General information
- Country: Hong Kong
- Authority: Census and Statistics Department

= 2021 population census in Hong Kong =

Population census in Hong Kong

The 2021 population census (21C) in Hong Kong was conducted by the Census and Statistics Department (C&SD) of the HKSAR Government during 23 June to 4 August 2021. The 21C was conducted under the Census and Statistics (2021 Population Census) Order, which was made by the Chief Executive in Council under Section 9 of the Census and Statistics Ordinance (Cap 316). The Order, published in the Gazette on 16 October 2020, provided statutory backing for the conduct of the 21C.

The 21C comprised a simple enumeration on about nine-tenths of households in Hong Kong to provide basic information (e.g. year and month of birth and sex) and a detailed enquiry on the remaining one-tenth on a broad range of demographic and socio-economic characteristics. Therefore, two types of questionnaire, namely the "Short Form" and the "Long Form", were used.

The "Short Form", which was used in the simple enumeration, covered only some basic questions. On the other hand, the "Long Form", which was used in the detailed sample enquiry, included not only those questions covered in the "Short Form", but also additional ones related to the socio-economic characteristics of the population and the characteristics of households and quarters. Taking together the common information collected in both the "Short Form" and "Long Form" would give the complete enumeration results on the basic characteristics of the population.
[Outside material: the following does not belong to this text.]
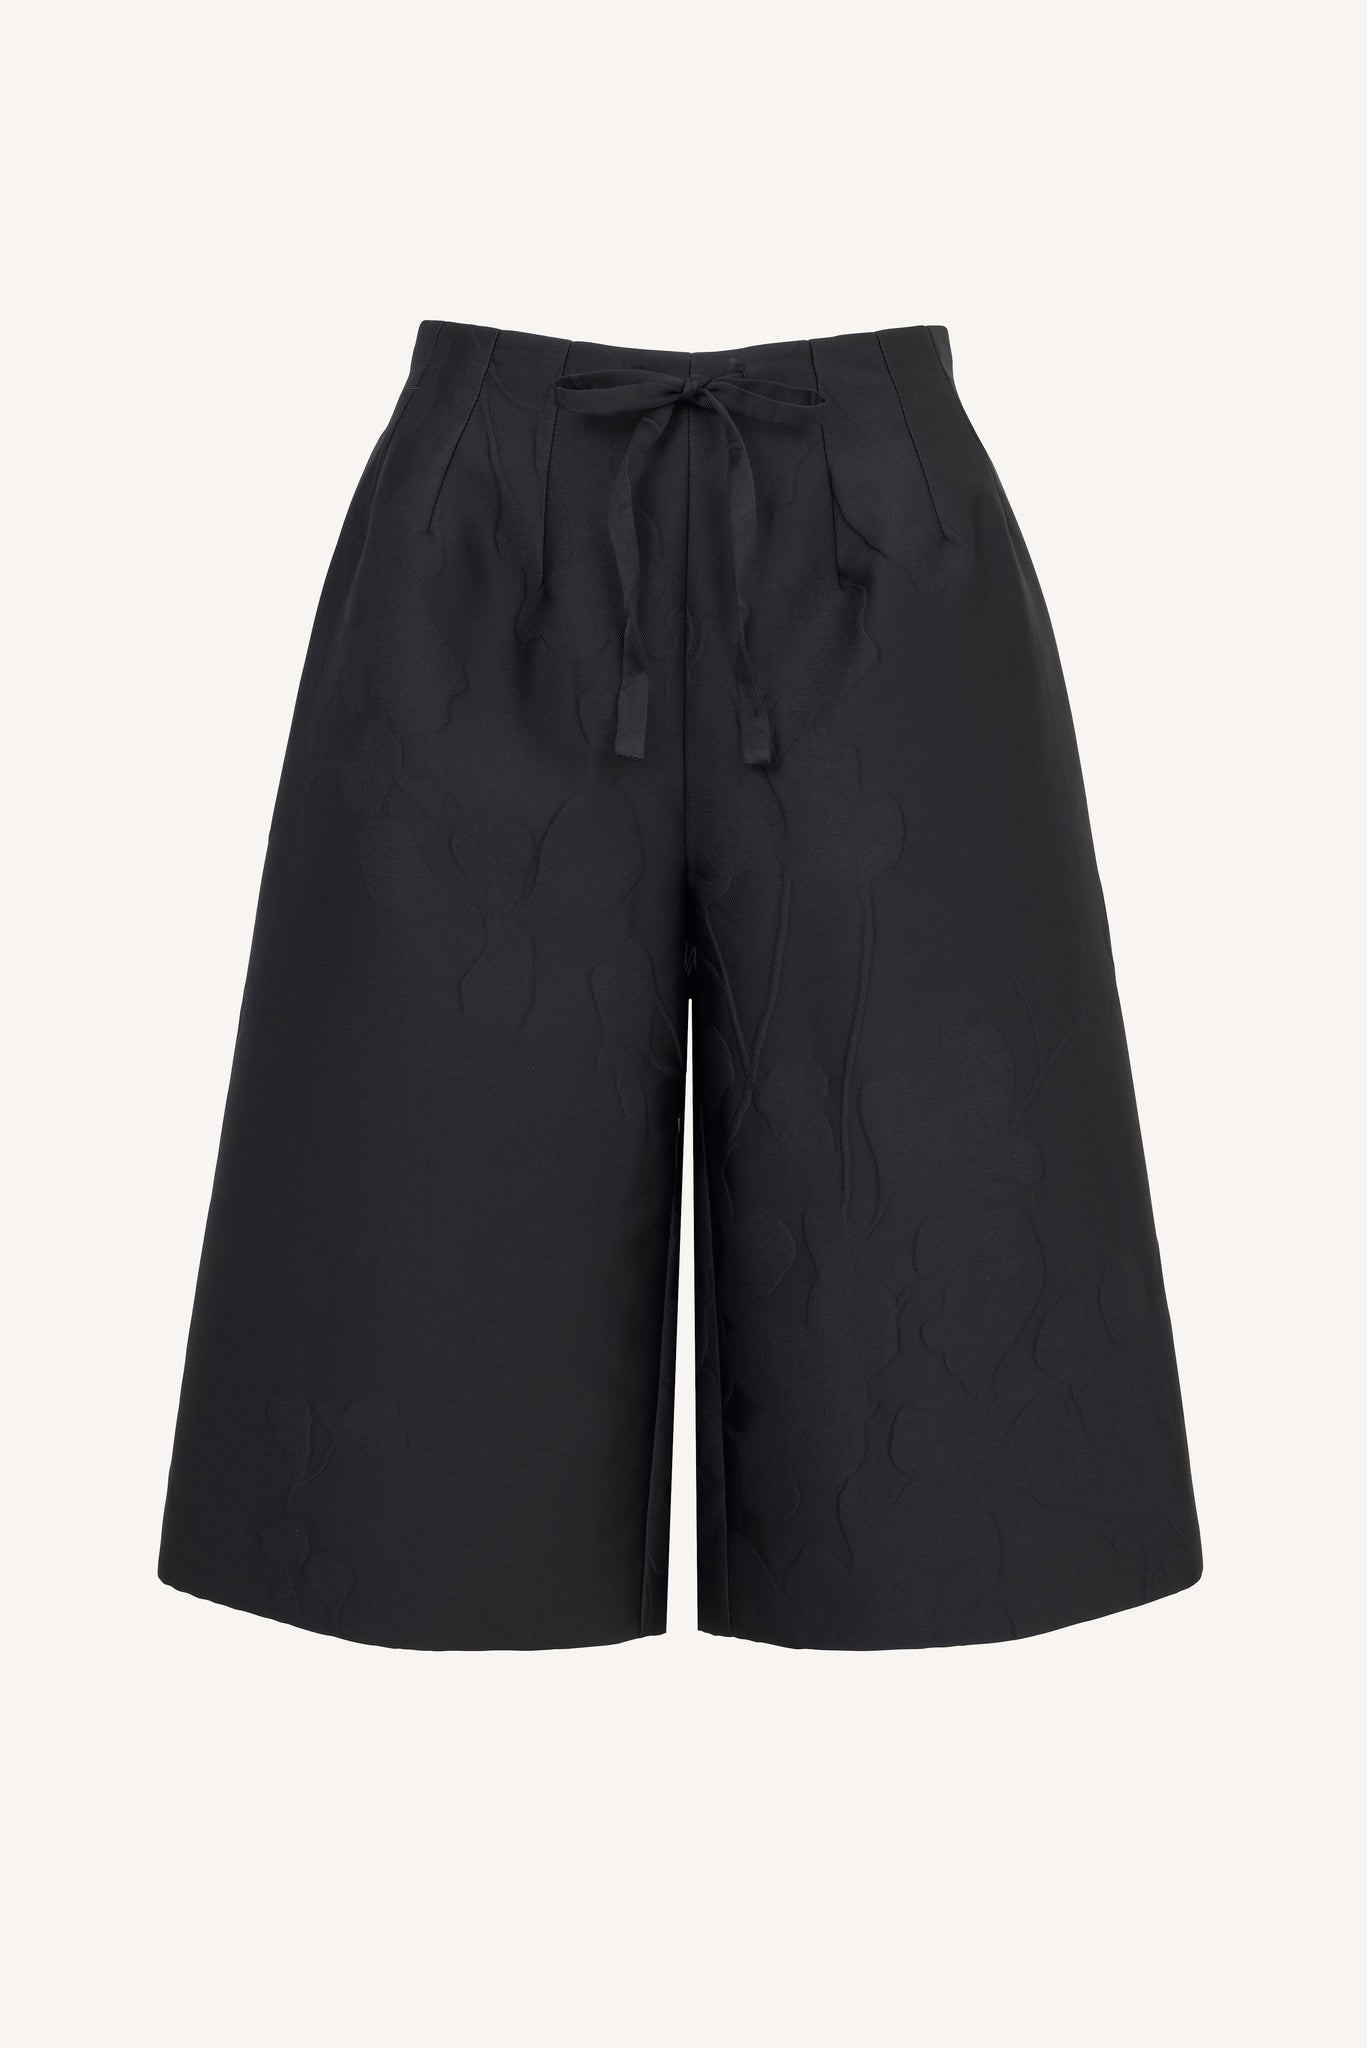 Apera Shorts in Black Floral Embossed Cloque | Emilia Wickstead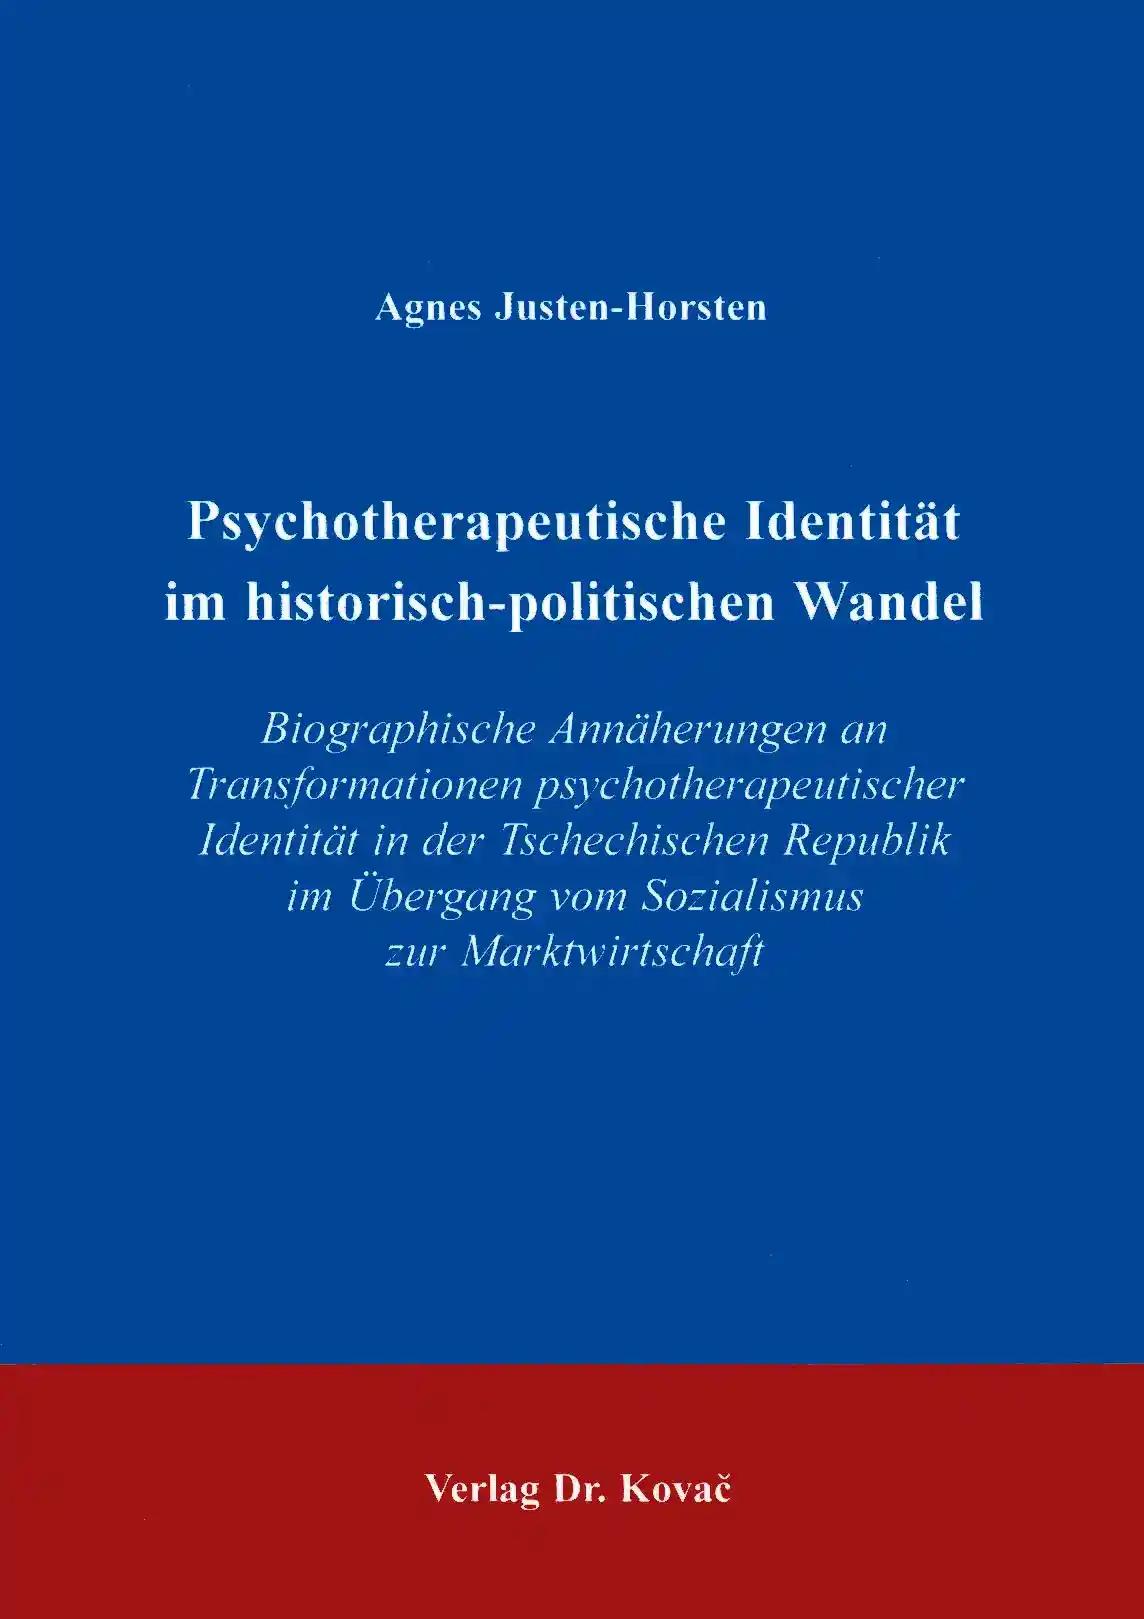 Psychotherapeutische Identität im historisch-politischen Wandel (Doktorarbeit)

It would also form the basis for estimation of the detailed socio-economic characteristics collected through the "Long Form".

== Slogans and mascots==
Two slogans were adopted to promote the importance of the 21C and encourage households to use online questionnaires:

2021 Census: Provide Data for Hong Kong's Future

Online Census: Convenient, Secure and Green

Two mascots were also created to help disseminate publicity messages to the public, "Paul", and "Charlotte".

Paul: Charlotte:

== Data topics==

| Demographic and social characteristics * Year and month of birth* * Sex* * Marital status * Usual spoken language * Ability to speak other languages / dialects * Ability to read / write languages * Nationality * Ethnicity* * Place of birth* * Elderly persons requiring care | Educational characteristics * School attendance * Educational attainment (highest level attended) * Educational attainment (highest level completed) * Field of education * Place of study * Mode of transport to place of study | Internal migration characteristics * Whereabouts at census reference moment* * Duration of residence in Hong Kong * Place of residence 5 years ago |
| Economic characteristics * Economic activity status * Industry * Occupation * Whether having secondary employment * Earnings from main employment * Earnings from other employment * Other cash income * Hours of work * Place of work * Mode of transport to place of work | Housing characteristics * Type of quarters* * Type of accommodation * Whether the quarters is used as usual or occasional residence* * Whether the quarters is a subdivided unit* * Number of rooms in the residence * Floor area of accommodation* * No. of households in quarters*(derived) * No. of occupants in quarters*(derived) * Tenure of accommodation * Rent * Mortgage payment or loan payment | Household characteristics * Type of household * Relationship to head of household * Whether a member of household* * Household size*(derived) * Household composition（derived） * Household income（derived） |

- Notes
Items with * are those included in the "Short-Form" questionnaire. For the "Long-Form" questionnaire, all the above data topics are included (a total of 46 items).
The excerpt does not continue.